DNS, Networking, Troubleshooting, bind, dig

Enabling DNS logging -

Use logging (named.conf(4)) to cause the named process to write to a log file that you specify. Add the following to the top of the primary DNS system's /etc/named.conf file and restart the named daemon:

logging {

channel logfile {

file "/var/named/bind-log";

print-time yes;

severity debug 9;

print-category yes;

print-severity yes;

};

category default  { default_syslog; logfile; };

category queries  { logfile; };

};

Logging starts as soon as the logging statement in the /etc/named.conf file is parsed, so the

logging statement should be the first entry in that file.

A logging channel controls the destination of the logged data. Following is a description of each of the example entries:

* /var/named/bind-log - File to hold logged data

* print-time yes - Print time of the event

* severity debug 9 - Debug output of level 9 and below to be logged

* print-category yes - Log category information

* print-severity yes - Log severity information

The category section describes how the channel information is used. Following is a description of each of the example entries:

* category default { default_syslog; logfile; } - Log to syslog and logfile

* category queries { logfile; } - Log queries

The named daemon sends messages to the syslogd daemon by using the daemon facility. Messages that

are sent with level notice or higher are written to the /var/adm/messages file by default. The

contents of this file often show where configuration errors were made.

----

Before the Solaris 9 OS, the primary test tool bundled with BIND was the nslookup utility. As of the Solaris 9 OS, the domain information groper (dig) utility was also bundled with the Solaris OS. In the Solaris 10 OS, the nslookup utility is included, but is marked as obsolete with a notification that it might be removed in a future release. The dig utility is now preferred and does the following:

* Sends queries and displays replies for any of the valid resource record types

* Queries the DNS server of your choice

* Debugs almost any domain that is not protected by a firewall

Executing Forward Queries

The syntax used for forward queries is as follows:

dig @DNS_server domain_name system_name

A typical debug query testing forward resolution might look like the following:

# dig @192.168.1.2 one.edu sys11.one.edu

; <<>> DiG 9.2.4 <<>> @192.168.1.2 one.edu sys11.one.edu

;; global options:  printcmd

;; Got answer:

;; ->>HEADER<<- opcode: QUERY, status: NOERROR, id: 1334

;; flags: qr aa rd ra; QUERY: 1, ANSWER: 0, AUTHORITY: 1, ADDITIONAL: 0

;; QUESTION SECTION:

;one.edu.                       IN      A

;; AUTHORITY SECTION:

one.edu.                86400   IN      SOA     sys12.one.edu. root.sys12.one.edu. 2005010101 3600

1800 6048000 86400

;; Query time: 4 msec

;; SERVER: 192.168.1.2#53(192.168.1.2)

;; WHEN: Wed Jan 12 16:56:12 2005

;; MSG SIZE  rcvd: 72

;; Got answer:

;; ->>HEADER<<- opcode: QUERY, status: NOERROR, id: 1440

;; flags: qr aa rd ra; QUERY: 1, ANSWER: 1, AUTHORITY: 2, ADDITIONAL: 2

;; QUESTION SECTION:

;sys11.one.edu.                 IN      A

;; ANSWER SECTION:

sys11.one.edu.          86400   IN      A       192.168.1.1

;; AUTHORITY SECTION:

one.edu.                86400   IN      NS      sys12.one.edu.

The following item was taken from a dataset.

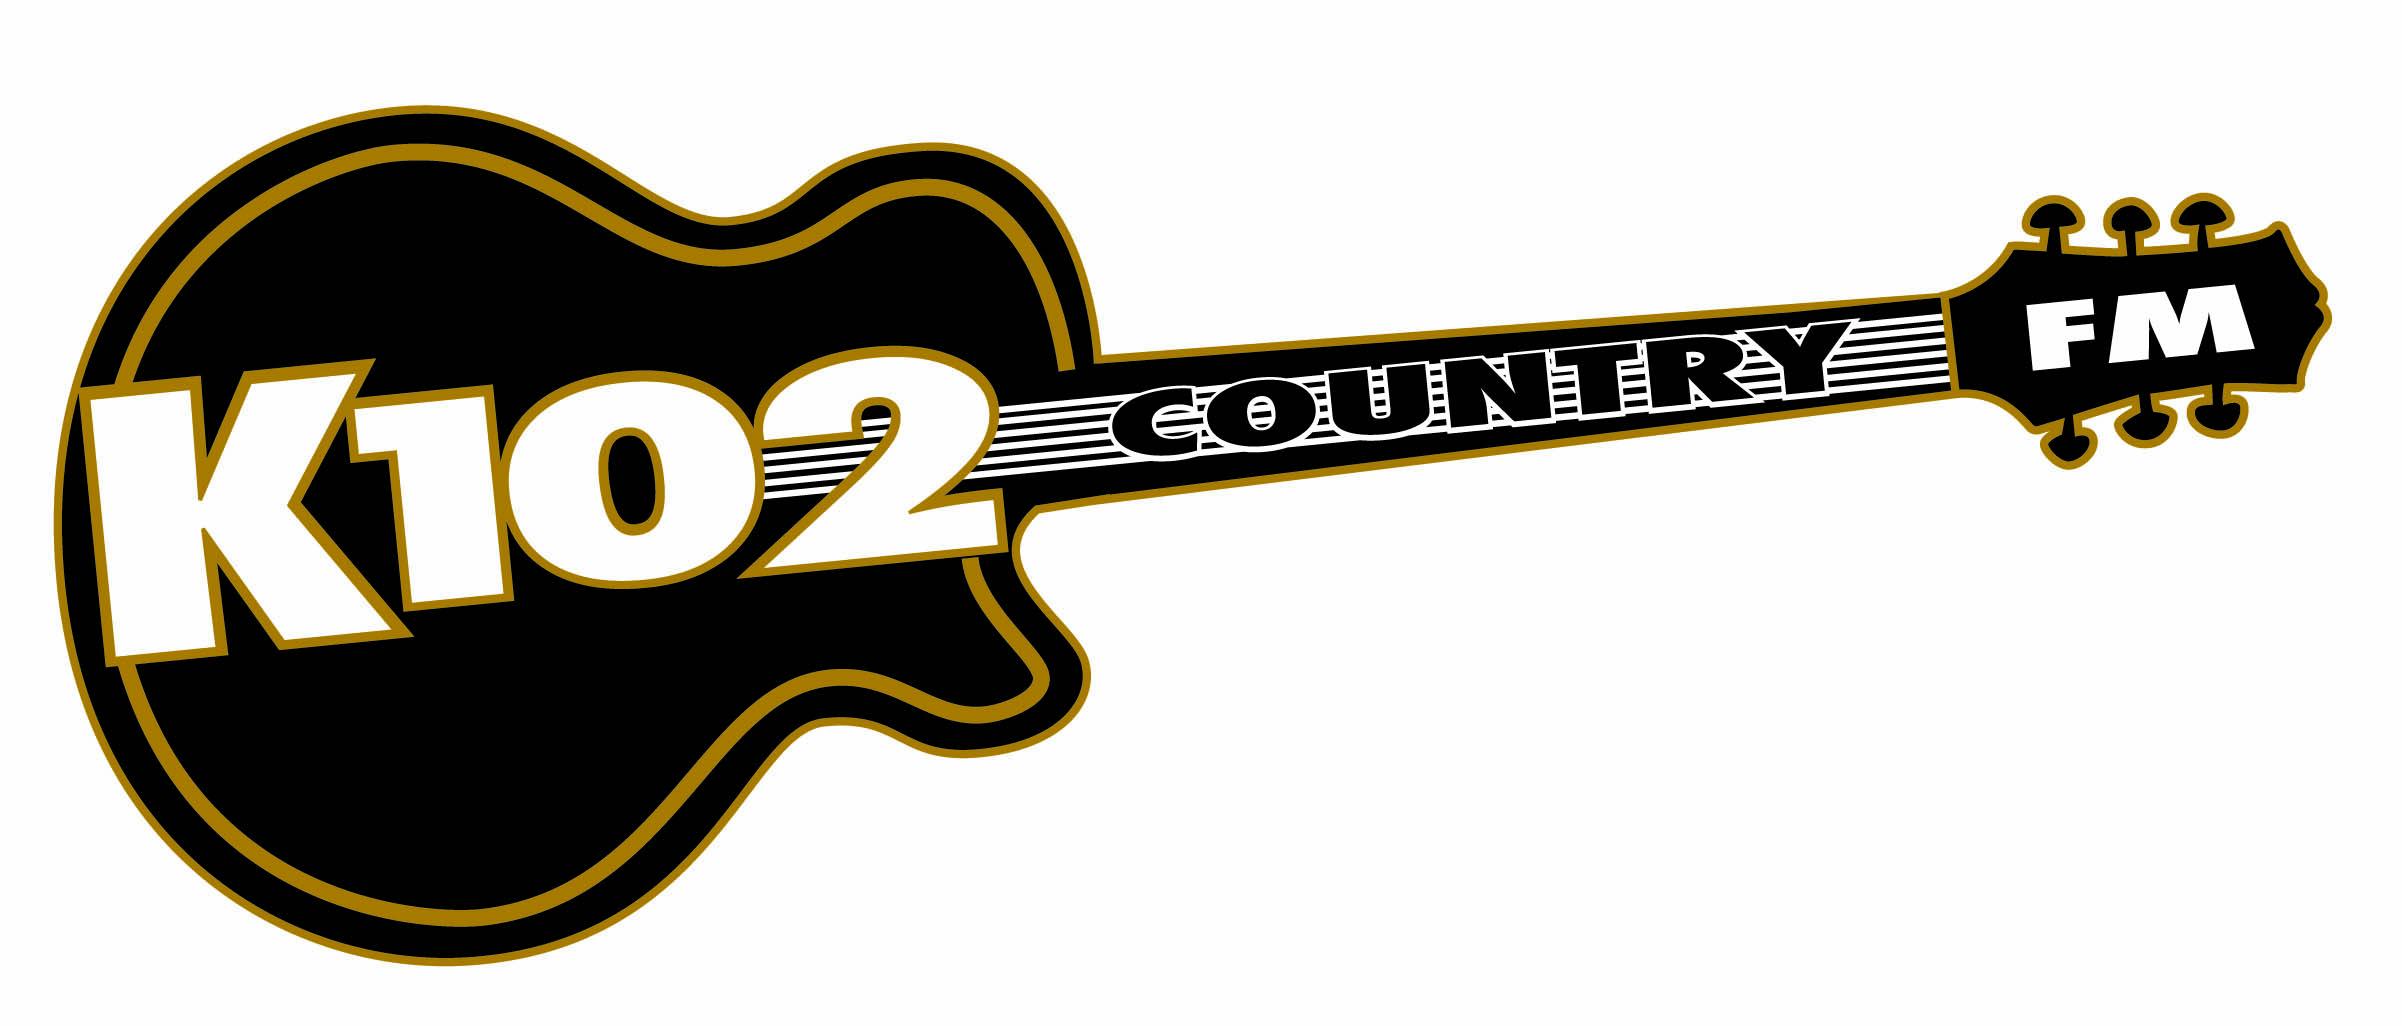 K102 Country logo
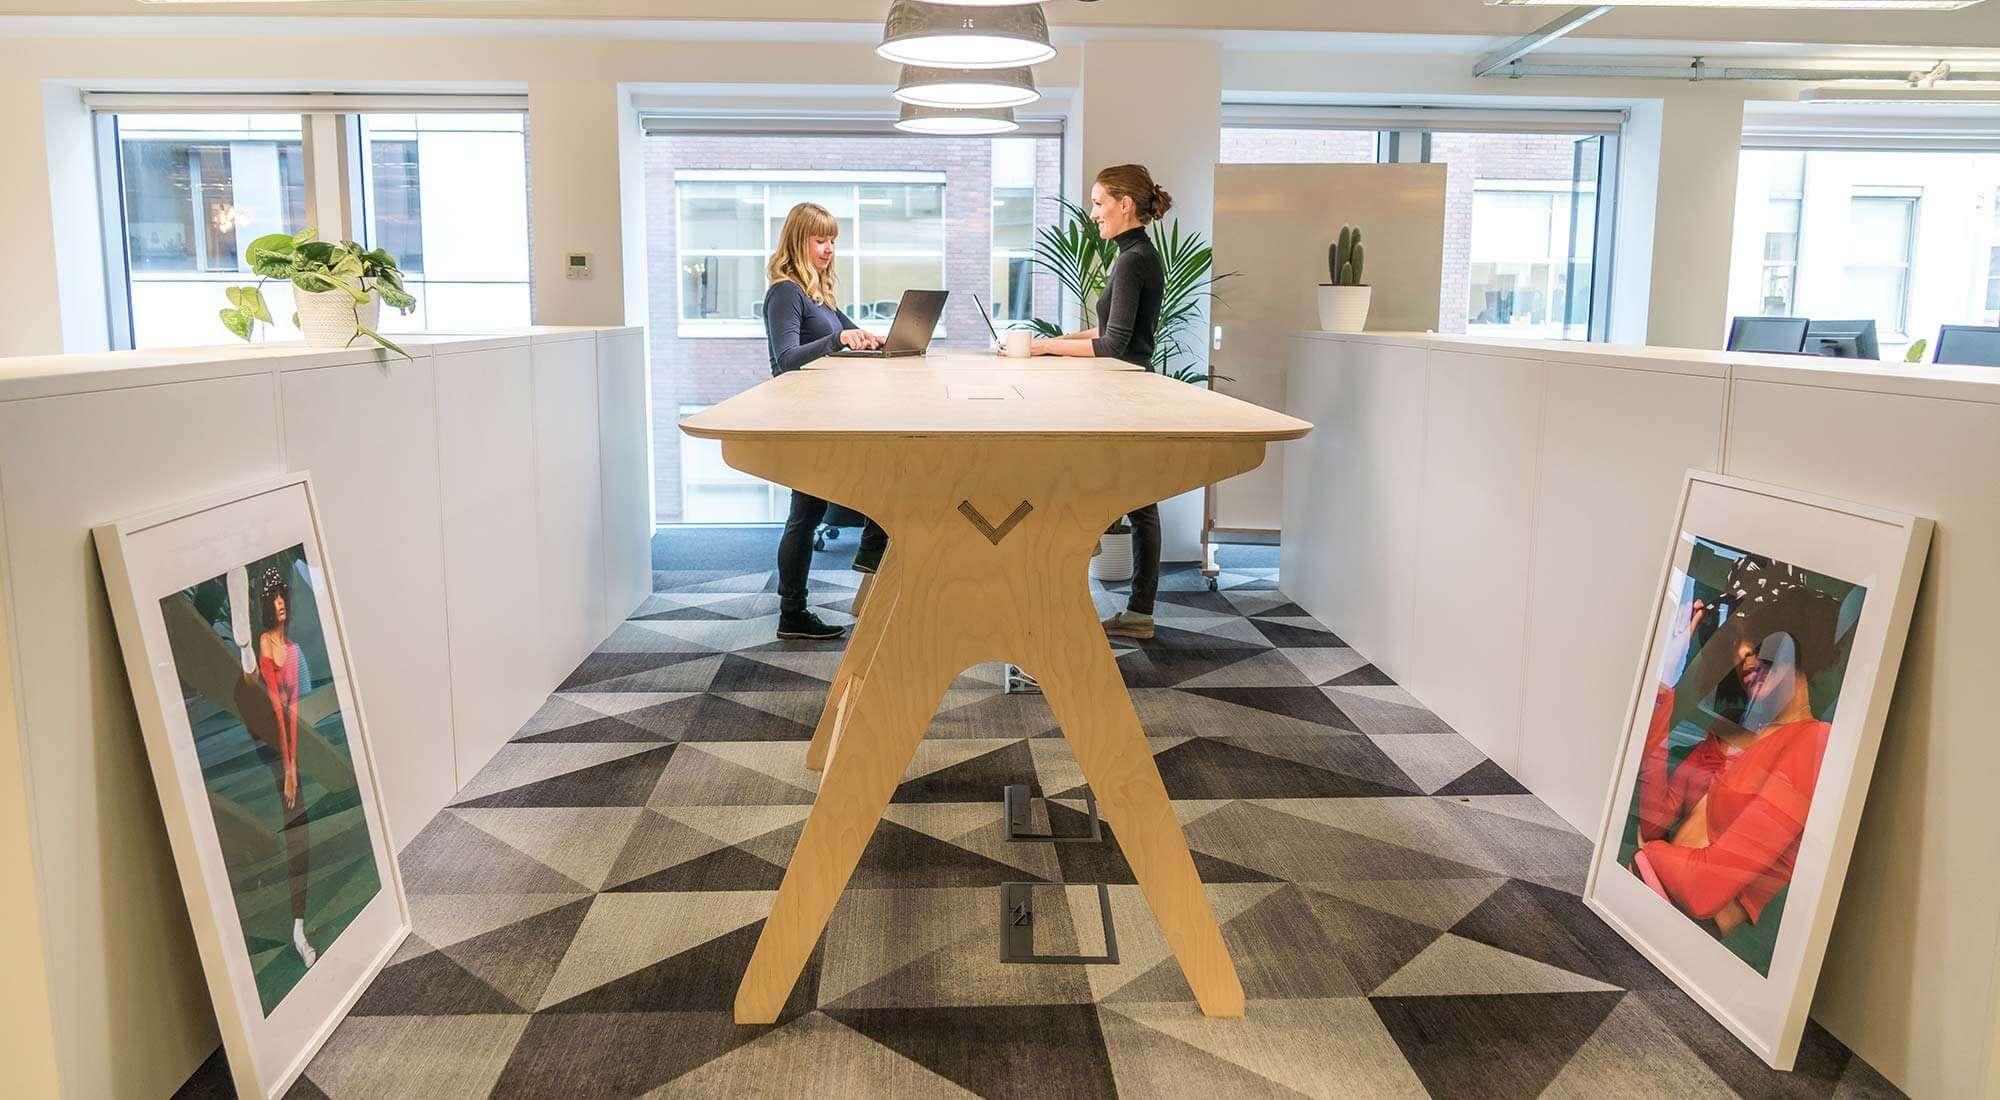 Milliken Carpet Feature Plywood Office Fitout.jpg

one.edu.                86400   IN      NS      sys13.one.edu.

;; ADDITIONAL SECTION:

sys12.one.edu.          86400   IN      A       192.168.1.2

sys13.one.edu.          86400   IN      A       192.168.1.3

;; Query time: 3 msec

;; SERVER: 192.168.1.2#53(192.168.1.2)

;; WHEN: Wed Jan 12 16:56:12 2005

;; MSG SIZE  rcvd: 119

The ANSWER SECTION lists the answer retrieved from the DNS server. An answer number (on the flags

line) greater than zero usually indicates success.

Executing Reverse Queries

The syntax used for reverse queries is as follows:

dig @DNS_server domain_name -x IP_address

A typical debug query testing reverse resolution might look like the following:

dig @192.168.1.2 one.edu -x 192.168.1.1

; <<>> DiG 9.2.4 <<>> @192.168.1.2 one.edu -x 192.168.1.1

;; global options:  printcmd

;; Got answer:

;; ->>HEADER<<- opcode: QUERY, status: NOERROR, id: 1881

;; flags: qr aa rd ra; QUERY: 1, ANSWER: 0, AUTHORITY: 1, ADDITIONAL: 0

;; QUESTION SECTION:

;one.edu.                       IN      A

;; AUTHORITY SECTION:

one.edu.                86400   IN      SOA     sys12.one.edu. root.sys12.one.edu. 2005010101 3600

1800 6048000 86400

;; Query time: 4 msec

;; SERVER: 192.168.1.2#53(192.168.1.2)

;; WHEN: Wed Jan 12 16:55:11 2005

;; MSG SIZE  rcvd: 72

;; Got answer:

;; ->>HEADER<<- opcode: QUERY, status: NOERROR, id: 1932

;; flags: qr aa rd ra; QUERY: 1, ANSWER: 1, AUTHORITY: 2, ADDITIONAL: 2

;; QUESTION SECTION:

;1.1.168.192.in-addr.arpa.      IN      PTR

;; ANSWER SECTION:

1.1.168.192.in-addr.arpa. 86400 IN      PTR     sys11.one.edu.

;; AUTHORITY SECTION:

1.168.192.in-addr.arpa. 86400   IN      NS      sys13.one.edu.

1.168.192.in-addr.arpa. 86400   IN      NS      sys12.one.edu.

;; ADDITIONAL SECTION:

sys12.one.edu.          86400   IN      A       192.168.1.2

sys13.one.edu.          86400   IN      A       192.168.1.3

;; Query time: 3 msec

;; SERVER: 192.168.1.2#53(192.168.1.2)

;; WHEN: Wed Jan 12 16:55:11 2005

;; MSG SIZE  rcvd: 141

----

The remote name daemon controller command, rndc, is used to dump the currently cached contents of the server.

sys12# rndc dumpdb

All of the options for the rndc utility are listed when it is invoked without any as follows:

# rndc

Usage: rndc [-c config] [-s server] [-p port]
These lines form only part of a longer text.